Chacune de ses chansons prenait ainsi la physionomie de son visage: le front candide, les yeux clignés, la bouche équivoque, les joues joviales, le regard narquois, le demi-sourire, le doigt sur les lèvres! Sa figure était sa chanson, sa chanson était sa figure. La vérité même ne devient française qu'à la condition d'avoir le sourire sur la bouche.
Cette finesse de style me fit douter longtemps que le peuple fût assez raffiné pour le comprendre; mais la passion est un grand déchiffreur de sphinx. La passion du peuple était si acerbe, à cette époque, contre les Bourbons, contre la noblesse, contre le clergé surtout, que cette passion aidait le cabaret et la caserne à comprendre les finesses trop littéraires de ce style; même quand il ne les comprenait pas, le peuple y entendait malice de confiance. Il applaudissait jusqu'à ces obscurités. Il y avait une telle entente préétablie entre la multitude et son chansonnier qu'un seul geste de Béranger aurait été aussi communicatif qu'une de ses chansons, et que la France aurait ri ou frémi avec lui sur un signe du télégraphe!

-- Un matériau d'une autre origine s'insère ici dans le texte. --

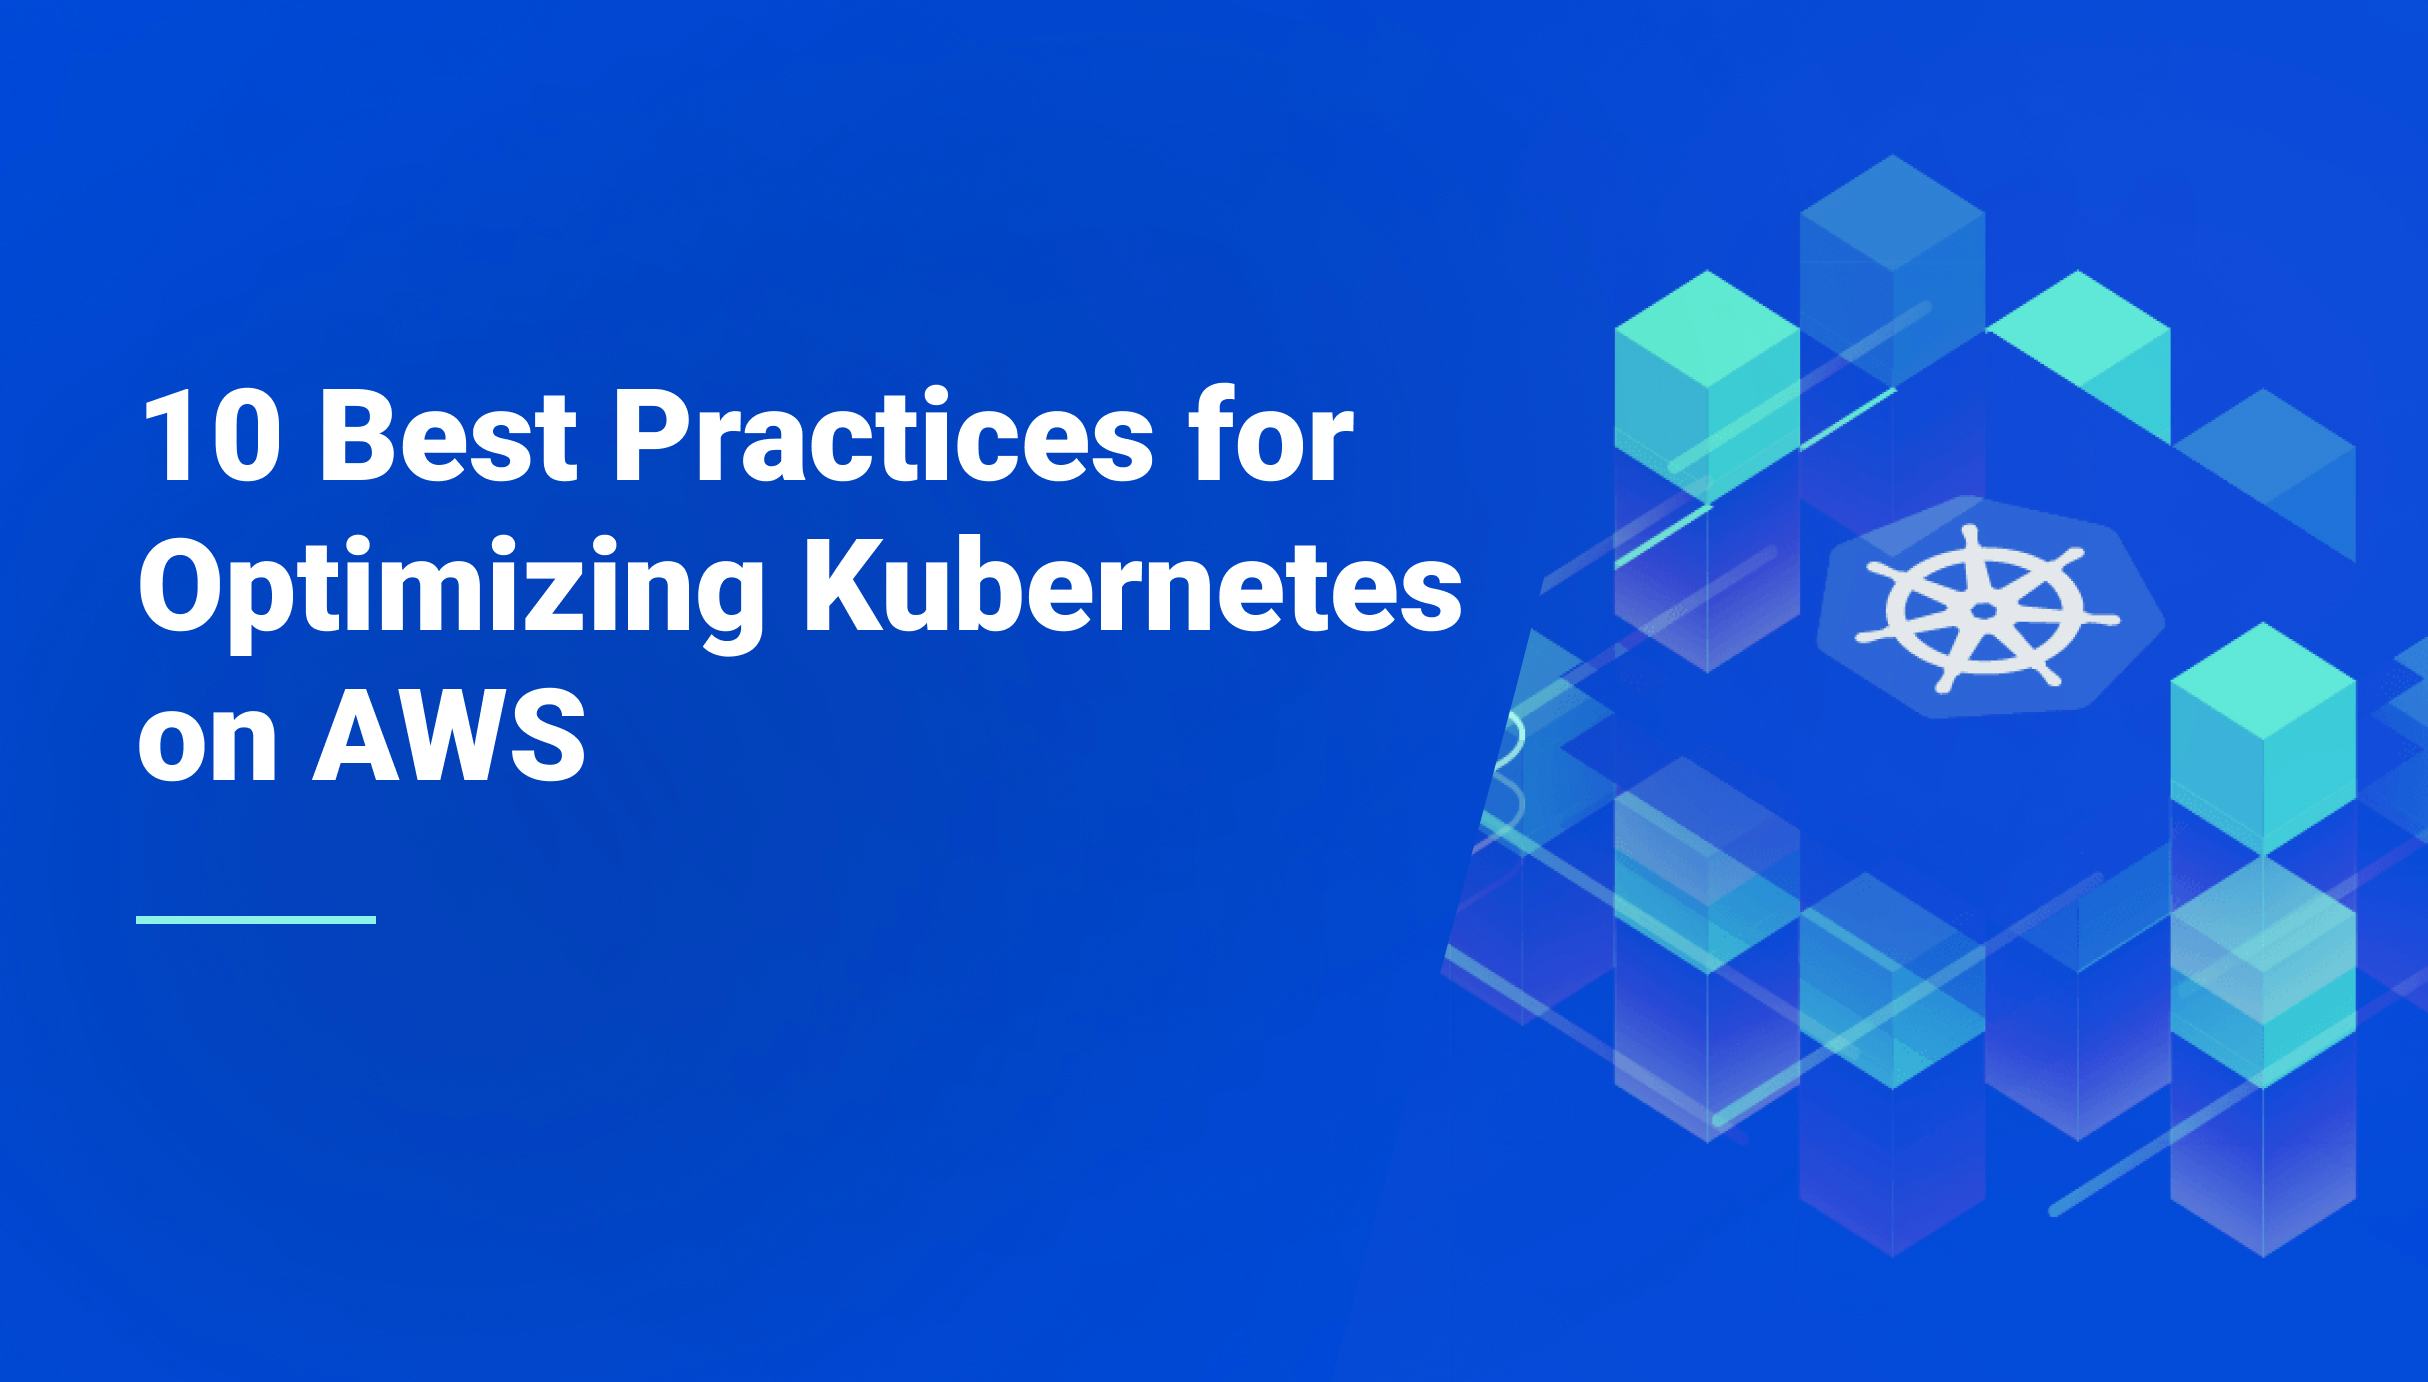 10 Best Practices for Optimizing Kubernetes on AWS

Hélas! il faut en convenir, les funestes amis de la Restauration, dans les Chambres de 1815 et depuis, commençaient à prêter trop d'armes au poëte. La France avait accepté dans les Bourbons la révolution raisonnable et la réconciliation des partis dans la liberté; on lui présentait la contre-révolution insatiable, et la monarchie se faisait parti malgré elle.
XXI
Revenons au talent. Cette finesse de style, qui aurait été un défaut grave dans un poëte populaire, devenait, grâce à l'esprit de parti, un mérite de plus dans Béranger. Le buveur illettré croyait se montrer aussi fin que lui en affectant de l'entendre, et l'amour-propre flatté du peuple concourait à la popularité du chansonnier!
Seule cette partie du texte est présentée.